Il quadro struttural-funzionalista. Secondo l’impostazione degli studiosi che si
riconoscono nell’impostazione struttural-funzionalista, la famiglia sarebbe un sottosistema
specializzato e differenziato del più generale sistema societario. 1 Le basi sociologiche di
questo quadro concettuale sono state poste in particolare da Talcott Parsons e dal Goode.

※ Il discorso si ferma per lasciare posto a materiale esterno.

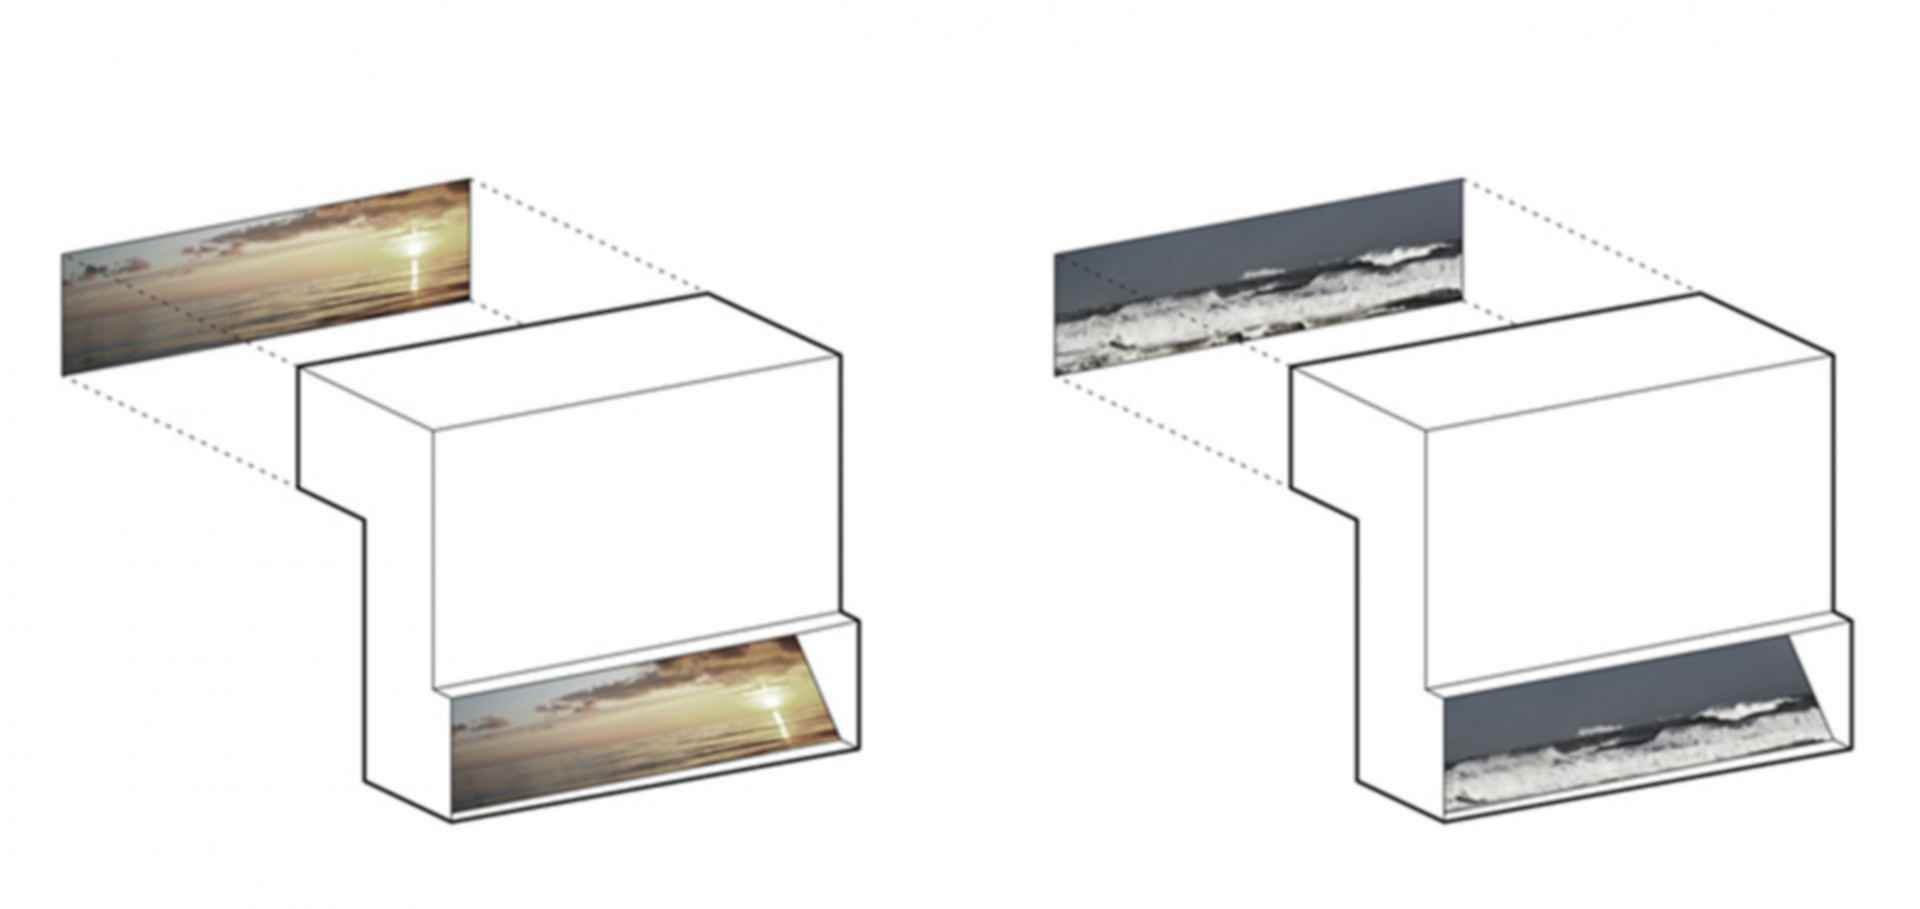 Seaside Periscope - Floor plan

La famiglia è intesa in questo contesto come l’espressione specifica di bisogni e di valori
che vengono soddisfatti attraverso rapporti di scambio, cioè di negoziazione e dunque di
reciprocità. Il modello familiare della reciprocità è di importanza fondamentale per la
famiglia soprattutto perché consente di fissare, orientare e regolare le dinamiche dei ruoli
intrafamiliari.
Che cosa significa affermare che la famiglia è un sottosistema societario? La definizione, che si riallaccia
alla teoria dei sistemi del sociologo tedesco Niklas Luhmann, significa riconoscere che la famiglia assolve
funzioni sociali insostituibili a vantaggio dell’intera società. L’organizzazione (sistema) sociale, infatti, per
poter funzionare ed essere efficiente, si avvale di almeno quattro sottosistemi. Il primo è il governo politico,
o l’amministrazione statale; c’è poi l’economia con i relativi mercati (mobiliari, immobiliari, delle varie
merci ecc.); ci sono inoltre le diverse associazioni (per esempio i sindacati) che si presentano come
organizzazioni autonome rispetto agli altri organismi elencati e che per questo assumono anch’esse la
caratteristica di sottosistemi societari. Un tempo questa elencazione si fermava qui. Oggi si riconosce invece
che la famiglia è il quarto sottosistema societario, condividendo con gli altri uno specifico codice
simbolico, i mezzi materiali per sopravvivere, uno statuto giuridico composto da diritti e doveri. In più la
famiglia ha un proprio e originale mezzo simbolico di comunicazione: la reciprocità.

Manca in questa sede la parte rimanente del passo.